- Specialty: Pulmonology

= Acute chest syndrome =

Potentially lethal blockage of lung vasculature in sickle cell anaemia

Acute chest syndrome is a vaso-occlusive crisis of the pulmonary vasculature commonly seen in people with sickle cell anemia. This condition commonly manifests with a new opacification of the lung(s) on a chest x-ray.

==Signs and symptoms==
The crisis is a common complication in sickle-cell patients and can be associated with one or more symptoms including fever, cough, excruciating pain, sputum production, shortness of breath, or low oxygen levels.

==Various Etiologies==
Acute chest syndrome is often precipitated by a lung infection, and the resulting inflammation and loss of oxygen saturation leads to further sickling of red cells, thus exacerbating pulmonary and systemic hypoxemia, sickling, and vaso-occlusion.

In addition to lung infection as a possible etiology of acute chest syndrome, bone marrow fat embolism, atelectasis, pulmonary edema, or sickle cell aggregation in the intrapulmonary vasculature can precipitate acute chest syndrome. While the instigating factor may not be readily apparent at onset, one distinctive lab value that may set acute chest syndrome from various other causes include a precipitous drop in hemoglobin way below the patient's baseline.

==Diagnosis==
The diagnosis of acute chest syndrome is made difficult by its similarity in presentation with pneumonia. Both may present with a new opacification of the lung on chest x-ray. The presence of fevers, low oxygen levels in the blood, increased respiratory rate, chest pain, and cough are also common in acute chest syndrome. Diagnostic workup includes chest x-ray, complete cell count, reticulocyte count, ECG, and blood and sputum cultures. Patients may also require additional blood tests or imaging (e.g. a CT scan) to exclude a heart attack or other pulmonary pathology.

==Prevention==
Hydroxyurea is a medication that can help to prevent acute chest syndrome. It may cause a low white blood cell count, which can predispose the person to some types of infection.

==Treatment==
Broad spectrum antibiotics to cover common infections such as Streptococcus pneumoniae and mycoplasma, pain control, and blood transfusion. Acute chest syndrome is an indication for exchange transfusion.
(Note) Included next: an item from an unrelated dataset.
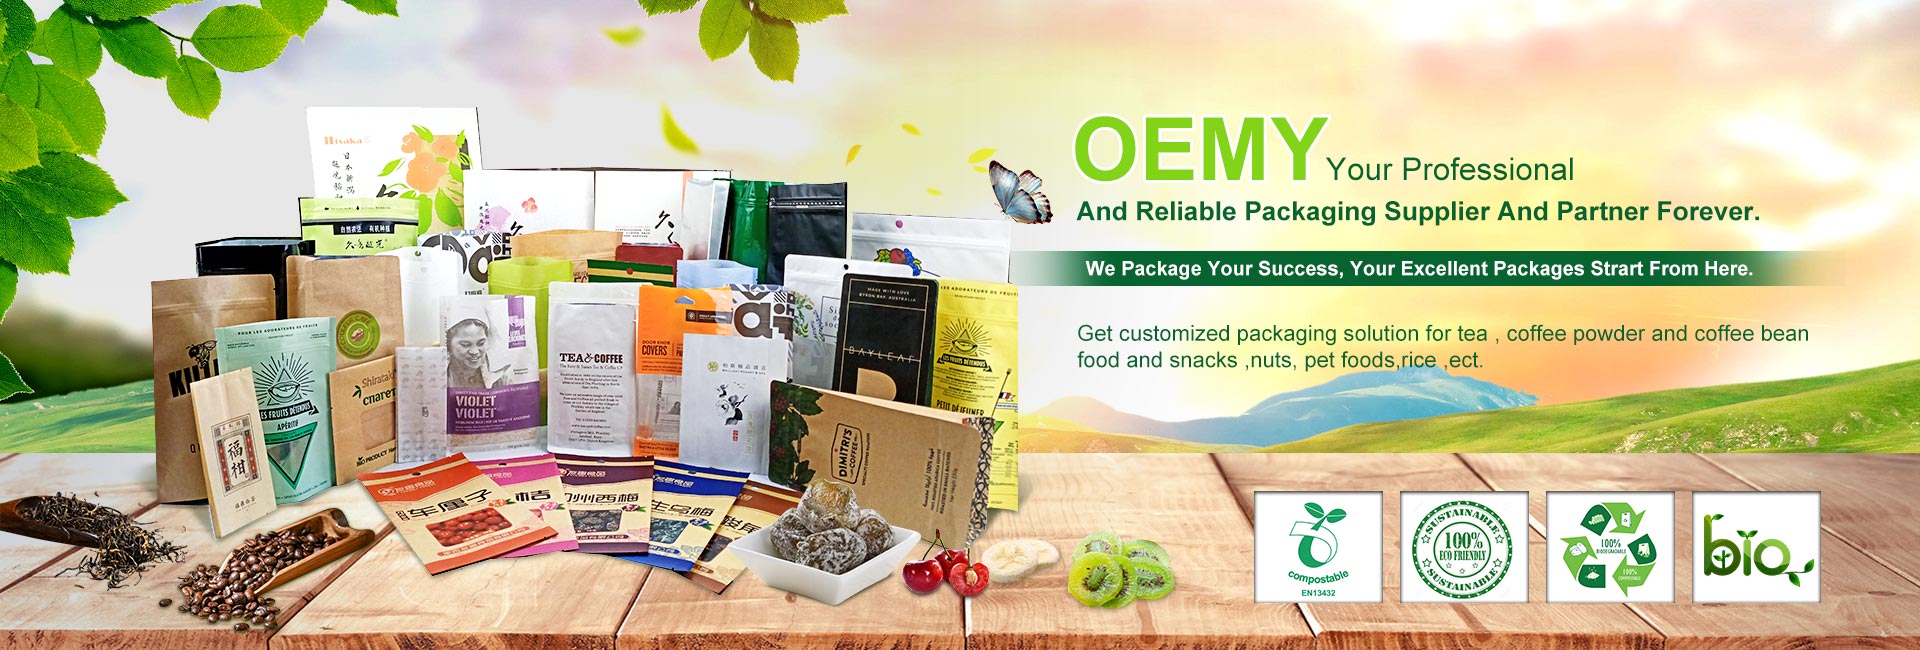 OEMY は、プロフェッショナルで信頼できる包装サプライヤーであり、永遠のパートナーです。

Bronchodilators may be useful but have not been well studied.

==Complications==
Complications associated with acute chest syndrome can be delineated into acute and chronic acute chest syndrome complications. Acute complications include respiratory failure, altered mental status, seizures, stroke, intrapulmonary hemolysis, and multi-system organ failure. Chronic complications from recurring acute chest syndrome include cor pulmonale, pulmonary hypertension, chronic sickle lung disease, and restrictive pulmonary function.

==Prognosis==
It may result in death, and it is one of the most common causes of death for people with sickle cell anemia.